Appearing on theScore esports Podcast Monday, Janzen spoke on everything from why he thinks The International’s prize pool will break its own record (again) this year, to how Valve can improve the Major system.

When asked about whether the prize pool for TI7 would exceed TI6’s massive $20.7 million purse, Janzen said the company behind Dota 2 would find a way to make it happen.

“If I had to bet on Valve, it’s always going to be more and they’re going to figure out some way to do it,” he said.

“Valve is going to figure out ways to steal money from my wallet every year in the best way possible,” he said. “They do a really good job of providing value and that’s the one thing I think Dota does a really good job compared to a lot of other free to play games as well as just games in general."

It's all about making the existing player base happy, he said.

“They provide a lot of value to their hardcore users, to their regular users and there’s always going to be somebody who’s willing to spend even more than I think I do.”

Janzen also commented on the Major system, saying that although it was overall beneficial to the Dota 2 scene, is isn’t not without its shortcomings.

“It is bad in some ways, I think it does hurt third parties,” he said.

“Obviously last year we saw Boston Major take precedence over DreamHack, and that was a very unfortunate case.” One solution, he said, would be to model things more closely on Counter-Strike’s tournament structure.

“Things I would like to see is maybe make the qualifiers more valuable, make them a LAN event very similar to CS:GO, right? Where you have all these teams coming in so it’s truly international,” he told theScore esports Podcast.

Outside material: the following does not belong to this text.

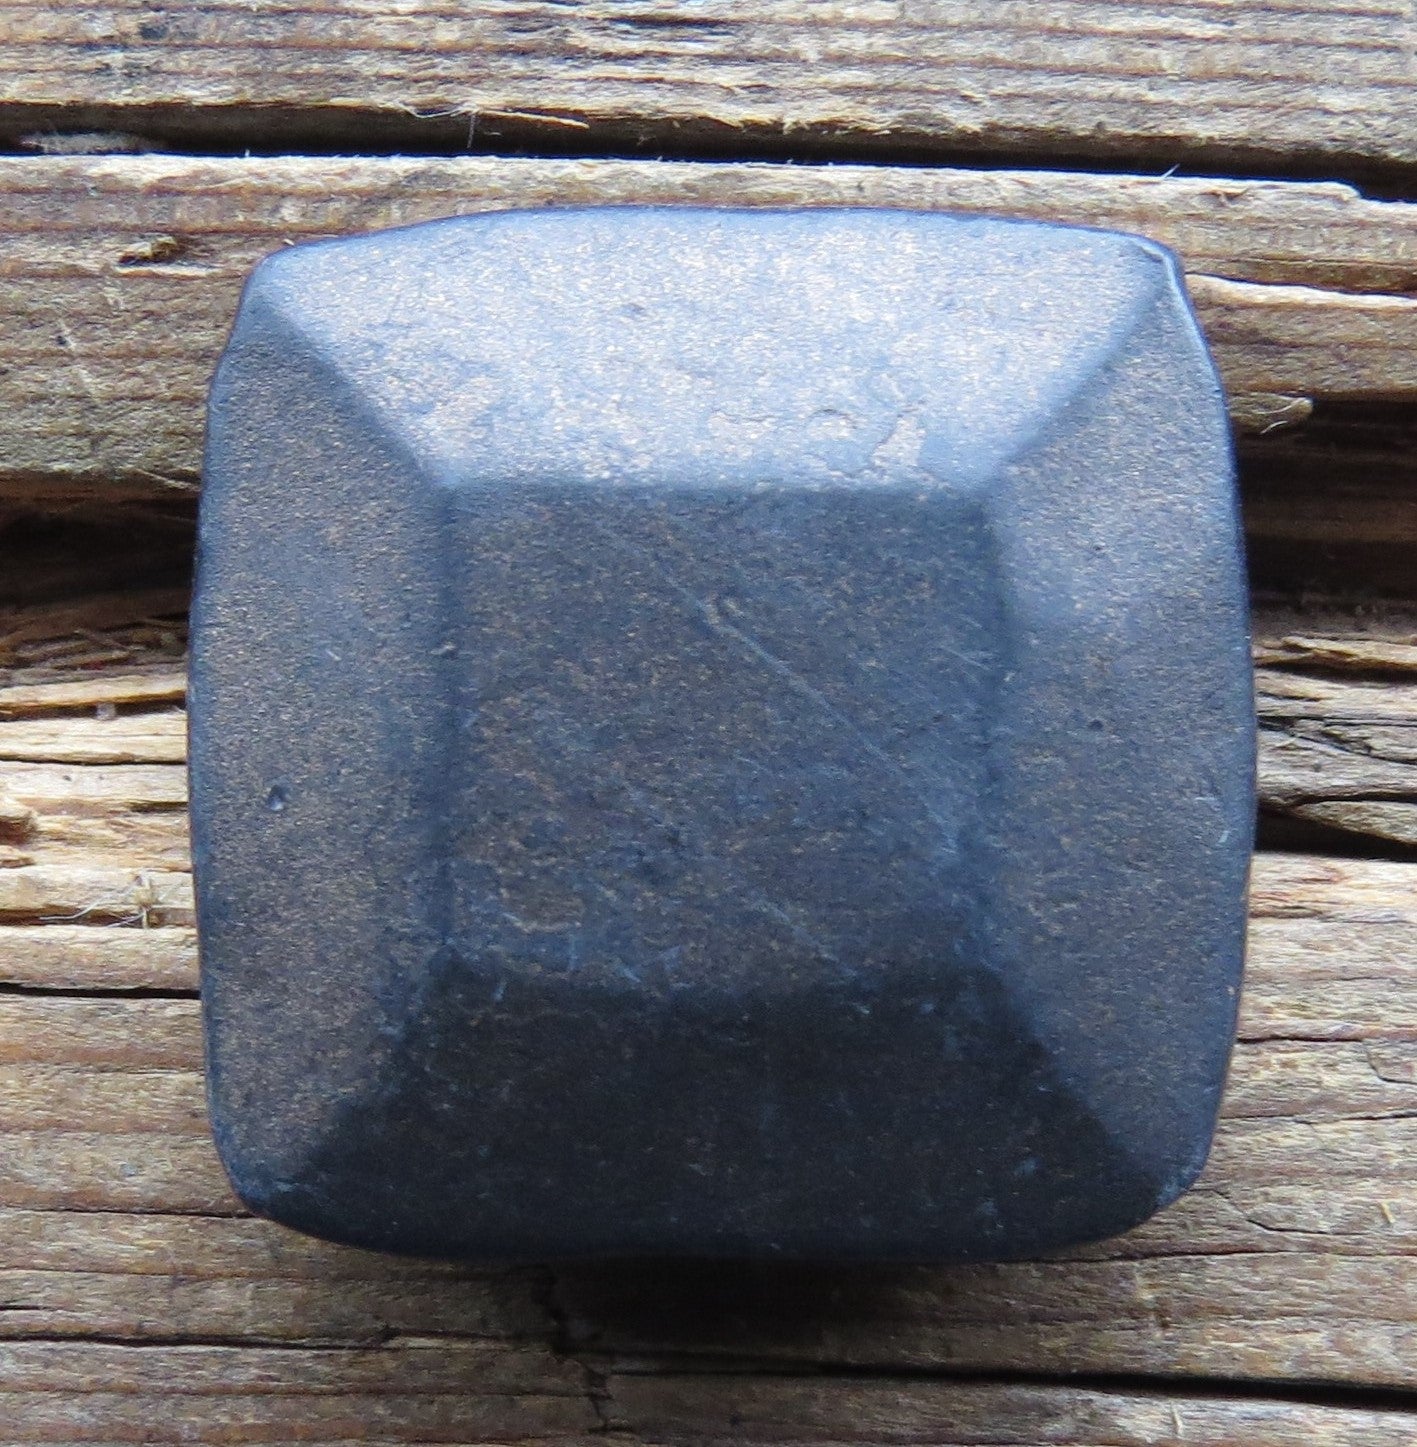 1 1/4" Square Plateau Hammered Head Nail
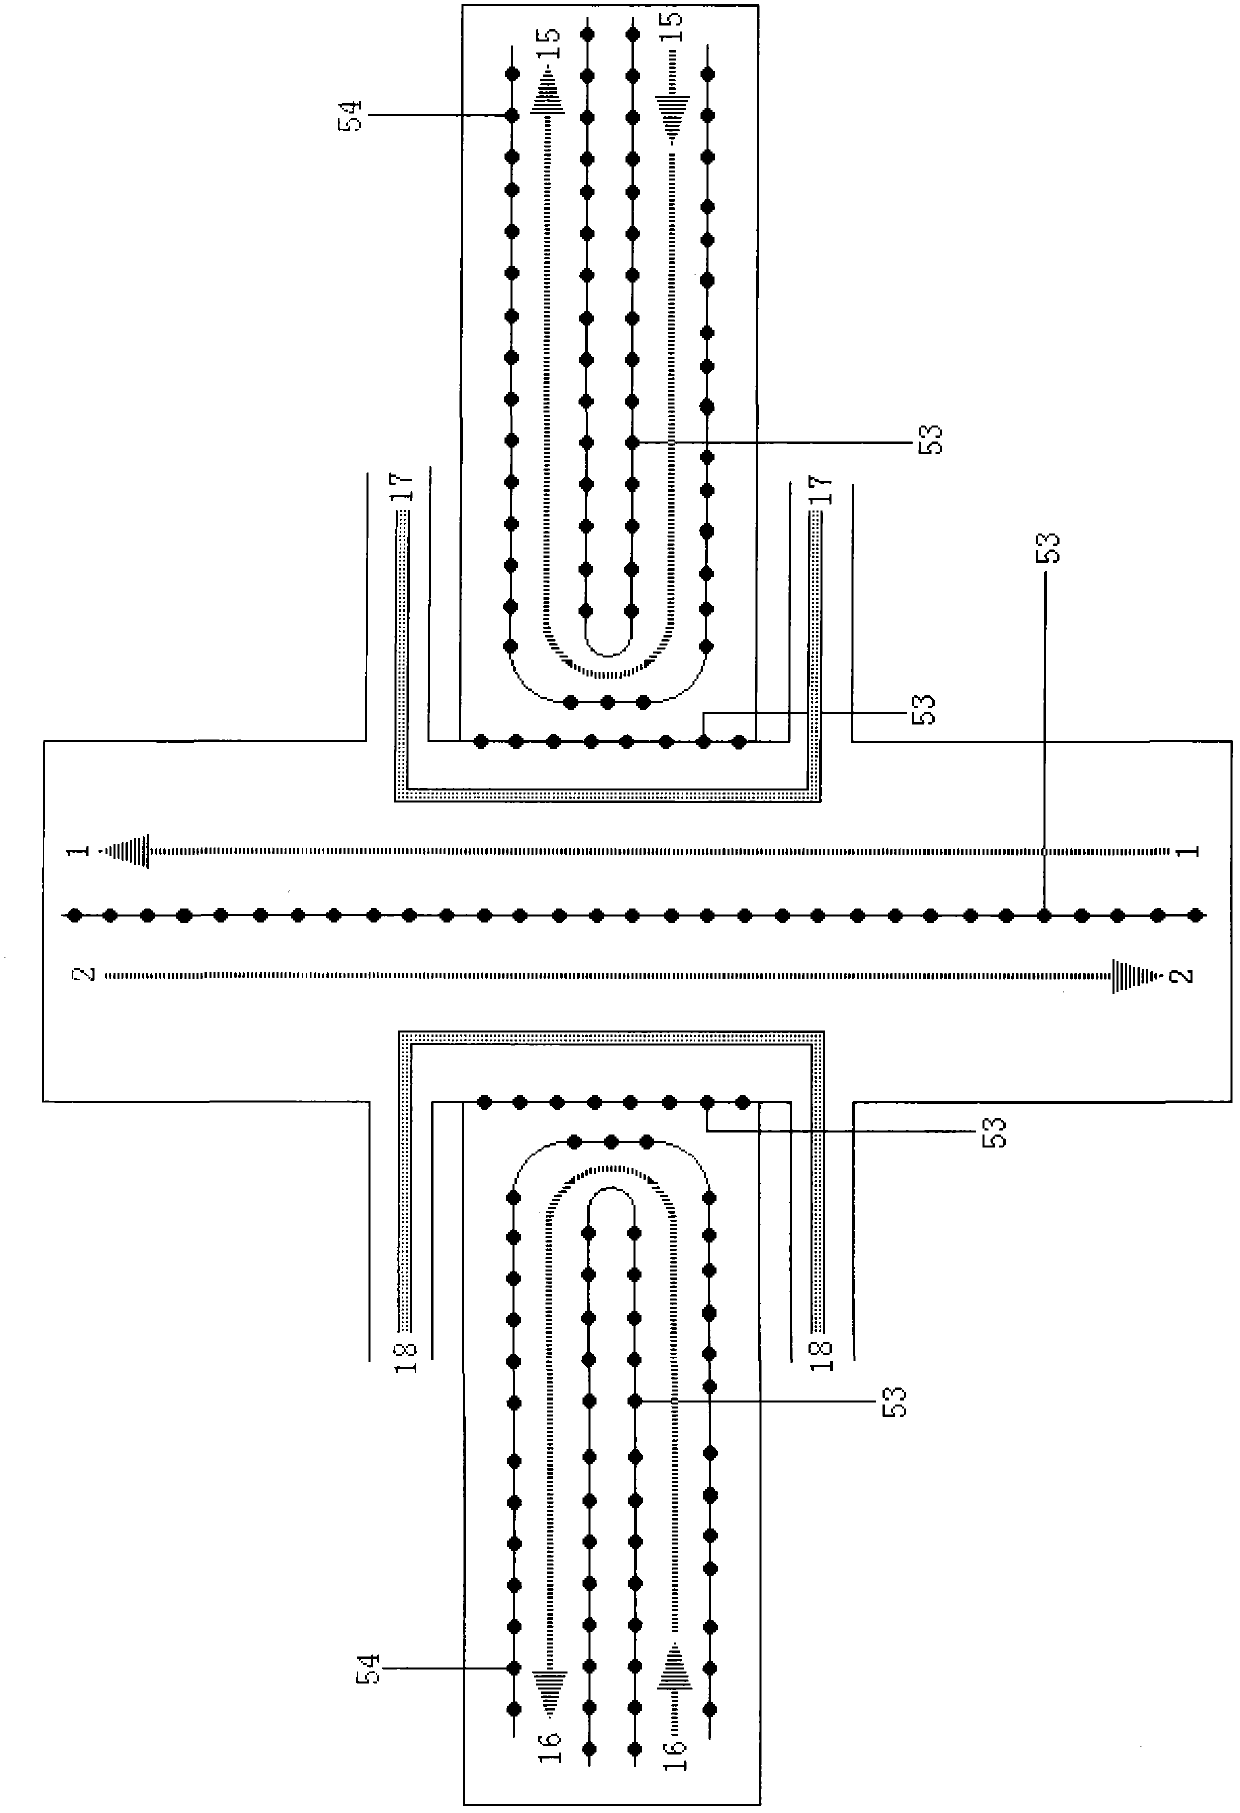 Overpass with structure having three bridge surfaces and four layers

“What Valve is going to have to do in this case is take a step forward and be like, ‘This is an important part, we want to grow Dota as a whole.' So, very similar to the CS:GO system where they have a regional qualifier that mostly takes place online, and then they bring all those teams together to a major qualifying tournament,” he said.

Improving the Major structure would help showcase rising Dota talent that, at least right now, is getting lost in the shadows beyond the Majors' spotlight.

“I would just love to see more tier 2 support,” he said. “I think that’s the big thing we’re missing, is these up-and-coming stars are not getting as revealed as they used to be. In-house leagues, these sort of concepts, have disappeared," he said.

“To have a healthy, growing esport, you’re going to have to support those tier 2 players as well with smaller Cups, smaller tournaments.”